O véo prto faz a diferença |
GABRIELA
CRAVO
E
CANELA
Episódio Nº 169
Mas o consumo de bebidas
diminuíra e, com ele, os lucros. Muitos ficavam no primeiro cálice, outros não
vinham mais todos os dias. Aquela ascensão fulminante do Vesúvio sofrera uma
pausa e mesmo um decréscimo nas rendas. E isto quando o dinheiro rolava fácil
na cidade, todo o mundo gastando nas lojas e nos cabarés.
Precisava tomar uma
providência, despedir a cozinheira, arranjar outra, custasse o que custasse. Em
Ilhéus era impossível, ele tinha experiência. Conversando sobre o assunto com
D. Arminda, a parteira tivera a coragem de lhe aconselhar:
- Uma coincidência, seu Nacib. Tive pensando
que boa cozinheira para o senhor é mesmo Gabriela. Não vejo outra.
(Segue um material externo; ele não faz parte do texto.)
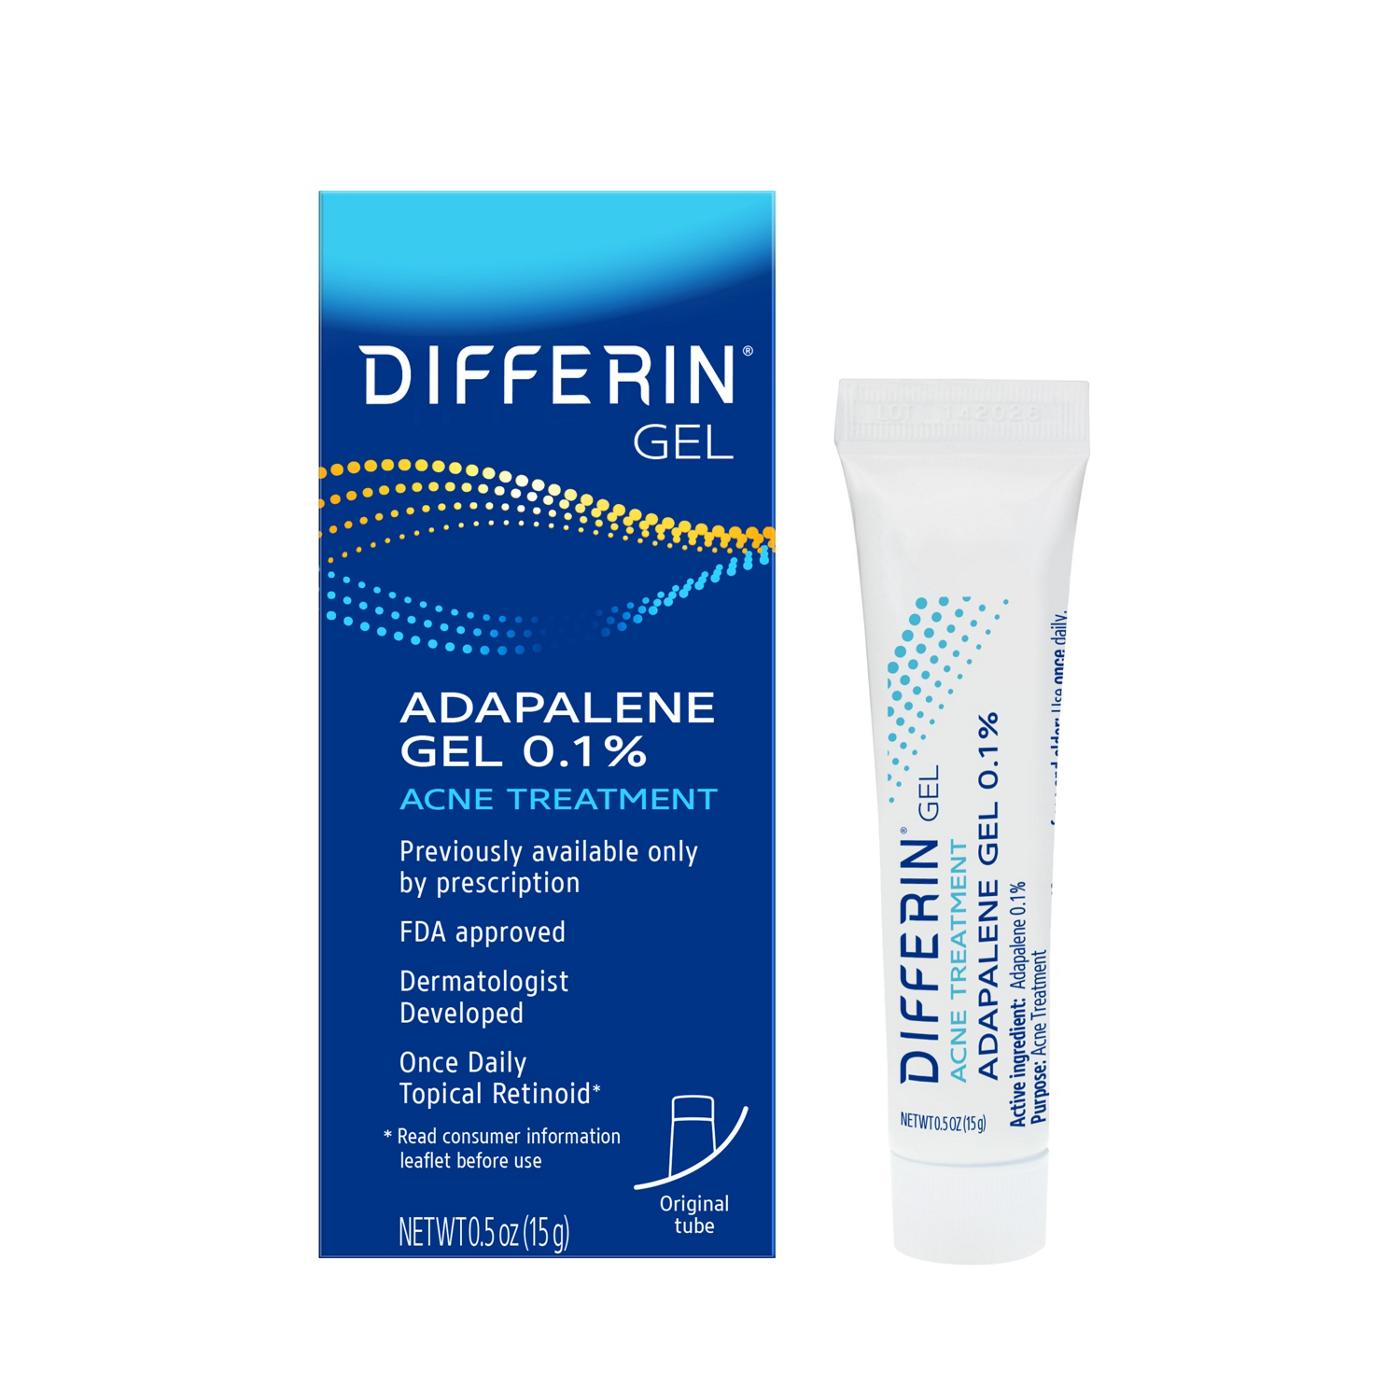 Differin Gel Acne Treatment 0.1% Adapalene; image 6 of 6

Teve de conter-se para não
soltar um palavrão. Essa D. Arminda andava cada vez mais maluca. Também não
saía da sessão de espírita, a conversar com defuntos. Contara-lhe ter o velho
Ramiro aparecendo na tenda de Deodoro e pronunciado comovente discurso
perdoando todos os seus inimigos, a começar por Mundinho Falcão. Diabo de velha
destramelada…
Agora não passava um dia
sem lhe tocar no assunto, porque não tomava Gabriela de cozinheira? Como se
isso fosse coisa que se propusesse…
Ele se refizera, é
verdade, tanto que podia ouvir D. Arminda falar de Gabriela, louvar-lhe o
comportamento e a dedicação ao trabalho. Costurava dia e noite, pregando forro
em vestido, abrindo casa para botões, alinhavando blusas, numa trabalheira
difícil, pois – ela mesmo dizia – não nascera para a agulha e, sim, para o
fogão.
Decidira, no entanto, não
cozinhar para mais ninguém a não ser para Nacib. Apesar das ofertas a chover de
todos os lados. Para cozinhar e para amigação, cada qual mais tentadora. Nacib
ouvia D. Arminda, quase indiferente, apenas levemente orgulhoso dessa fidelidade
tardia de Gabriela. Encolhia os ombros, entrava em casa.
Estava curado, conseguira
esquecê-la, não a cozinheira, a mulher. Quando se recordava das noites passadas
com ela, era com a mesma saudade mansa que relembrava a sabedoria de Risoleta,
as pernas altas de Regina, uma de antes, os beijos roubados à prima Munira
numas férias em Itabuna.
Sem dor profunda no peito,
sem ódio. Sem amor. Suspirava ainda mais pela cozinheira inigualável, suas
moquecas, os xins-xins, as carnes assadas, os lombos, as cabidelas.
Refizera-se do golpe, mas
à custa de dinheiro. Durante semanas frequentara cada noite o cabaré, jogando
roleta e bacará, pagando champanhe para Rosalinda. Essa loira interesseira
arrancava-lhe notas de qui nhentos
mil réis como se fosse um coronel do cacau a sustentar rapariga e não seu xodó
no leito pago por Manuel das Onças.
Nunca vira xodó daquele
tipo, estava era bancando o besta. Ao dar balanço em seus negócios teve uma
ideia exacta do dinheiro gasto com ela, dos desperdícios a que se entregara.
Terminou por largá-la,
seduzido por amazonense pequena, uma índia chamada Mara. Conqui sta menos espectacular, mais modesta,
contentando-se com a cerveja e alguns presentes. Mas como a índia não tinha
proprietário fixo, fazia a vida em casa de Machadão, nem toda a noite estava
livre e ele terminava afogando suas mágoas em veias e pagodeiras nos cabarés ou
em casas de mulheres, gastando sem conta. Pusera fora um horror de dinheiro.